Down-scaled output from the GCM will be at higher resolution, but again since the original data doesn't apply at a point but for a general region (usually quite a bit larger than 12 km, and even if it weren't we wouldn't believe stuff going on at that scale), so where the cell is exactly located again doesn't matter.

best regards,
Karl


On 7/27/11 4:38 AM, David Blodgett wrote:
Without the grid_mapping, the lat and lon still make sense in the common case
(and original CF case) of GCM data, and in many other cases, the intended
usage of the data does not require precision about the figure of the Earth.

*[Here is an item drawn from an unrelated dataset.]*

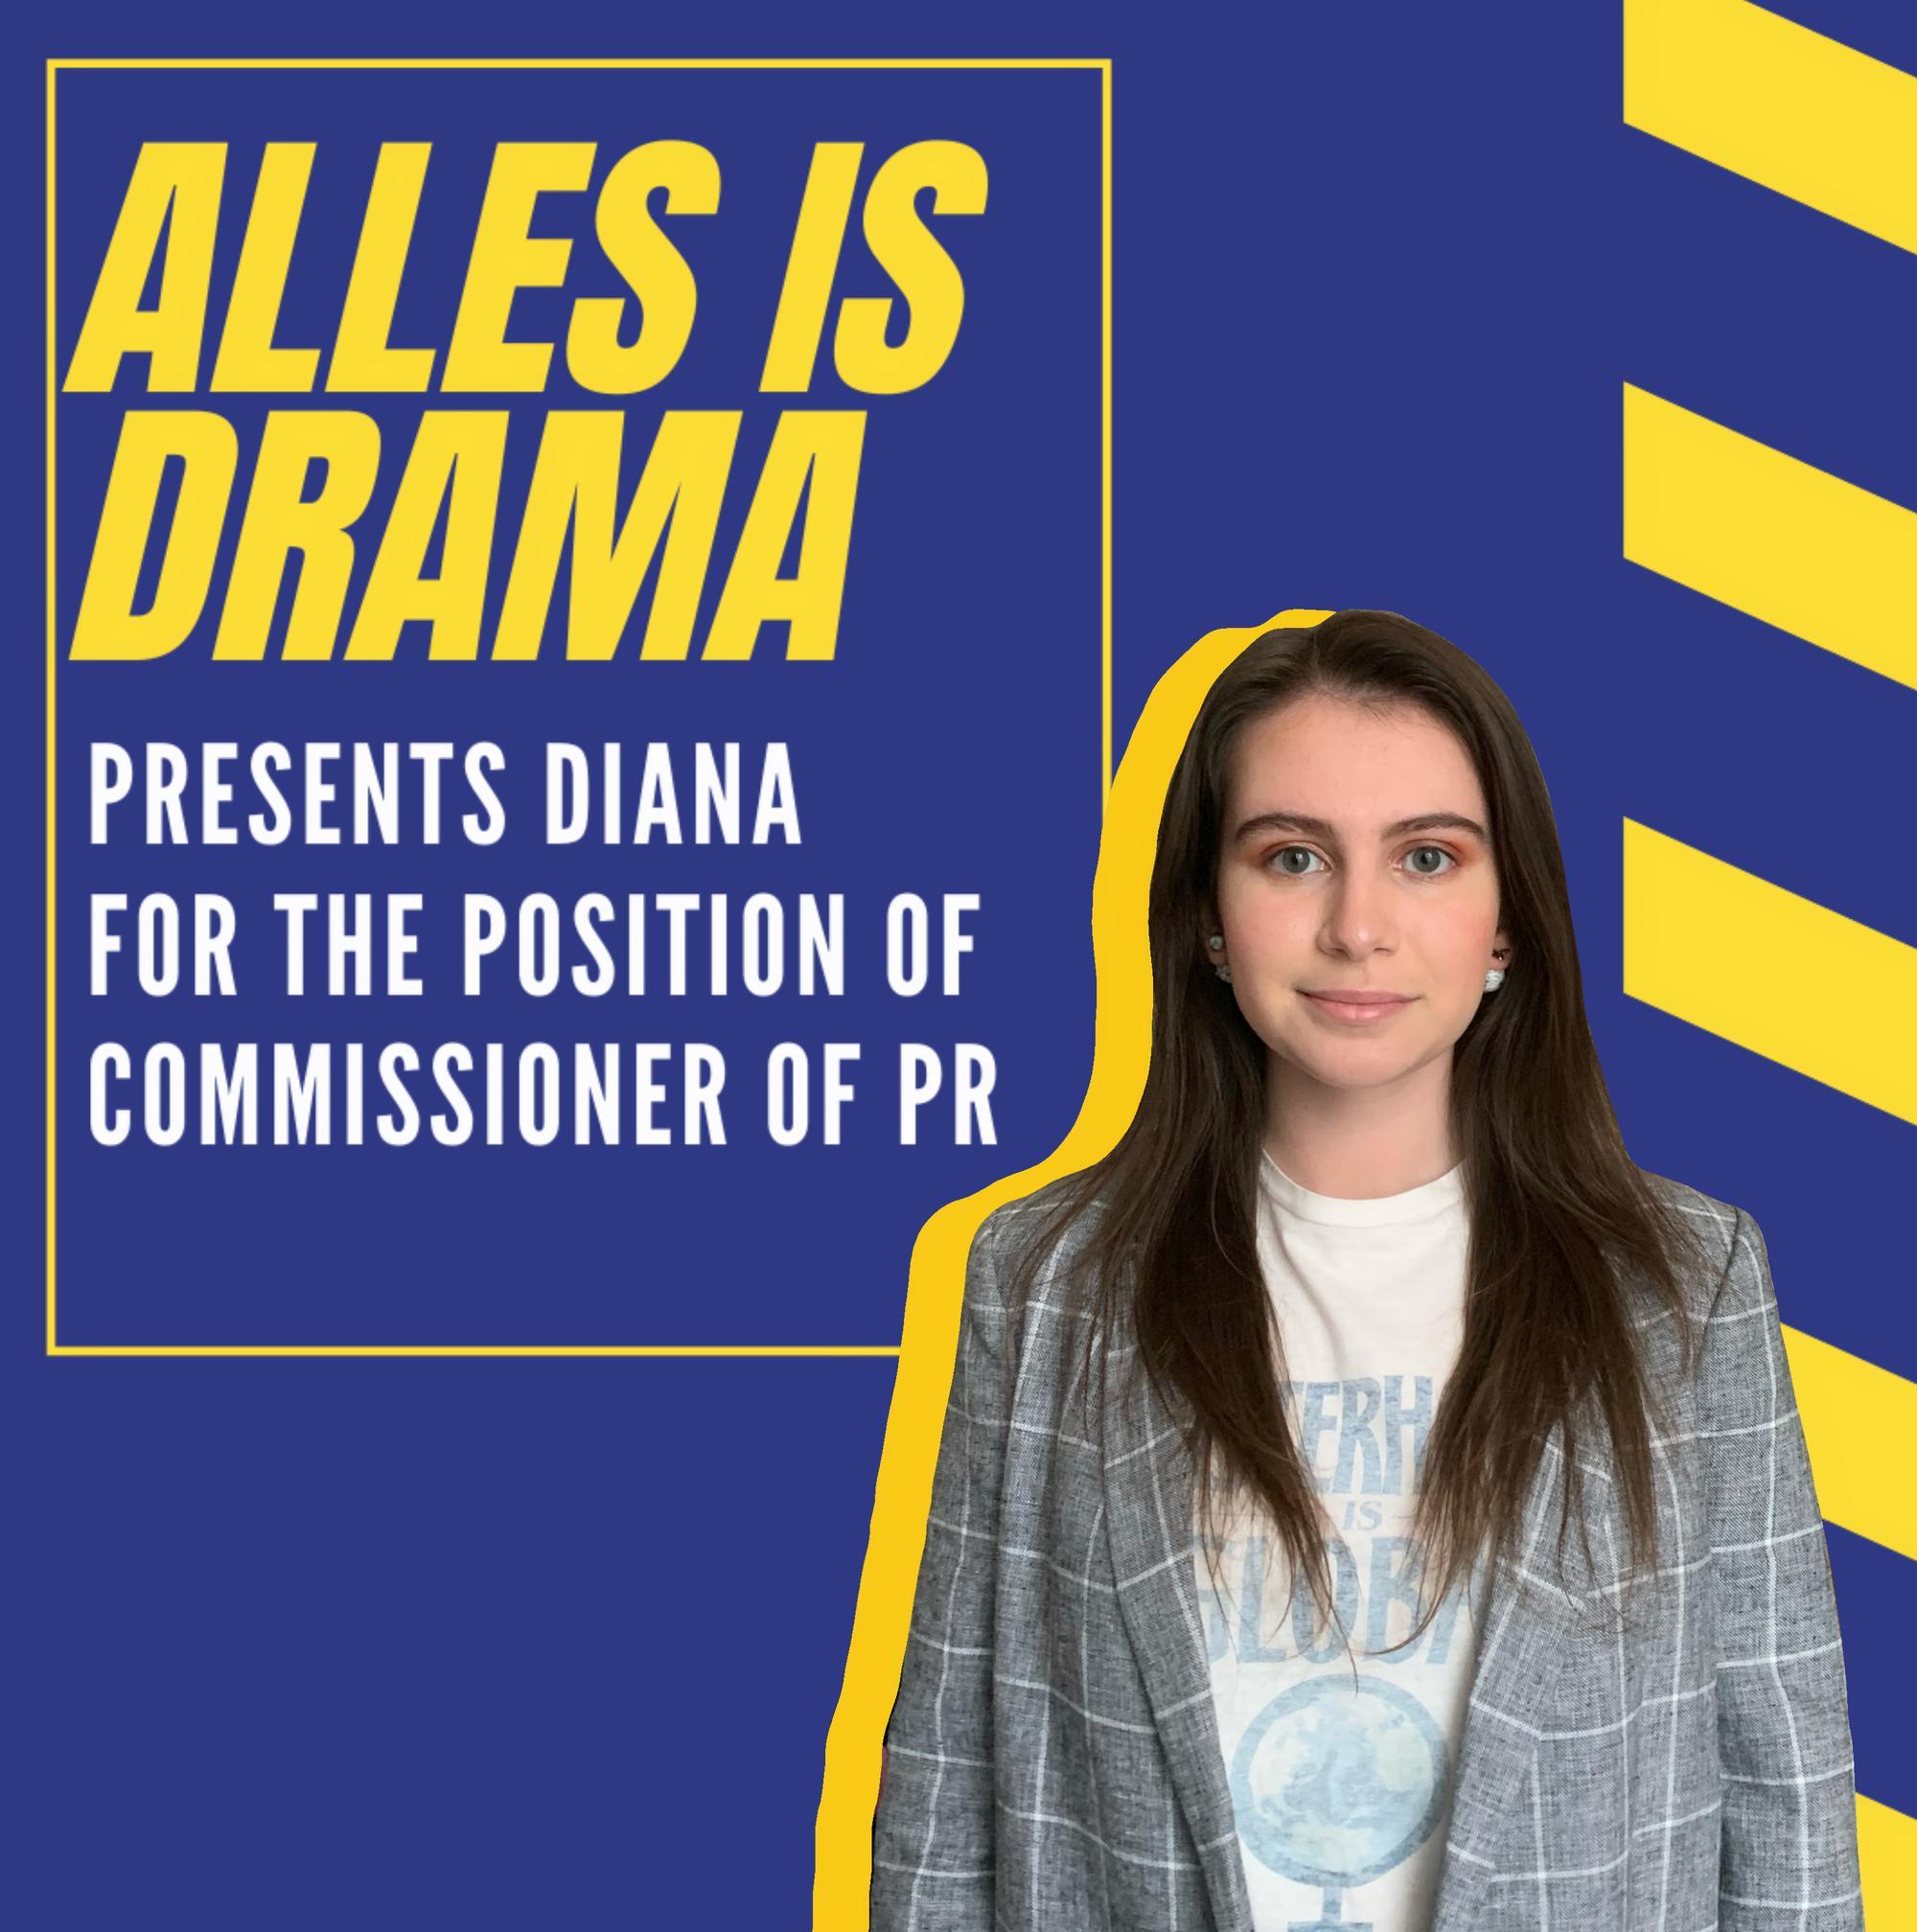 Diana_Promo_Board.JPG

Although this metadata could be valuable if it can be defined, I think it would
be too onerous to require it.

I hope to present on this very issue at AGU. The problem we see with ambiguous definition of datums is a cascade of non-recognition of datums through processing algorithms and in the output of some processes that generate very detailed data.

The prime example is downscaled climate data. Because the climate modelers involved generally consider lat/lon to be a lowest common denominator, the datum used to geolocate historical data (like rain gages) is neglected. What results is, in our case, a 1/8deg (12km) grid with no datum. This is unacceptable. As at this resolution, the errors in a wrong assumption of datum for the grid can cause very substantial (a full grid cell or more) geolocation errors.

If the CF community intends to consume any ground based data, then datums must be preserved from ingest of ground based forcing throughout data storage and processing. This is fundamental information that is required for ALL data comparison operations.

I would argue that CF compliance should require this information. This puts the requirement to make metadata assumptions on data publishers/producers rather than data consumers. It is unacceptable to have different data consumers making different assumptions of geolocation on the same data.

Off soapbox.

Dave Blodgett
Center for Integrated Data Analytics (CIDA)
USGS WI Water Science Center
8505 Research Way Middleton WI 53562
608-821-3899 | 608-628-5855 (cell)
http://cida.usgs.gov <http://cida.usgs.gov/>


On Jul 26, 2011, at 5:24 AM, Jonathan Gregory wrote:

Dear all

For datasets which are intended for analysis by end-users I think it would be
undesirable to remove the requirement of providing explicit lat and lon
coords even if a grid_mapping is provided. I think it is unrealistic to expect all software which someone might use to analyse netCDF files to be able to recognise and act upon all possible values of the CF grid_mapping attribute, and without the lat and lon information the user would have a problem. If the issue is storage space in the file I think the much better choice is to store the explicit coordinates in another file, by extending the CF convention to allow datasets to be distributed over several linked files, as gridspec does
for example.

Steve appears to suggest that grid_mapping is required in some circumstances, but I don't think it is at present. However, the text Steve quotes may not be
quite right:

  "/When the coordinate variables for a horizontal grid are not
  longitude and latitude,*_it is required that the true latitude and
  longitude coordinates be supplied_* via the coordinates attribute/."

The text should make it clear that this requirement applies when the data has a geolocated horizontal grid. It doesn't necessarily apply to idealised cases.
We could clarify this with a defect ticket.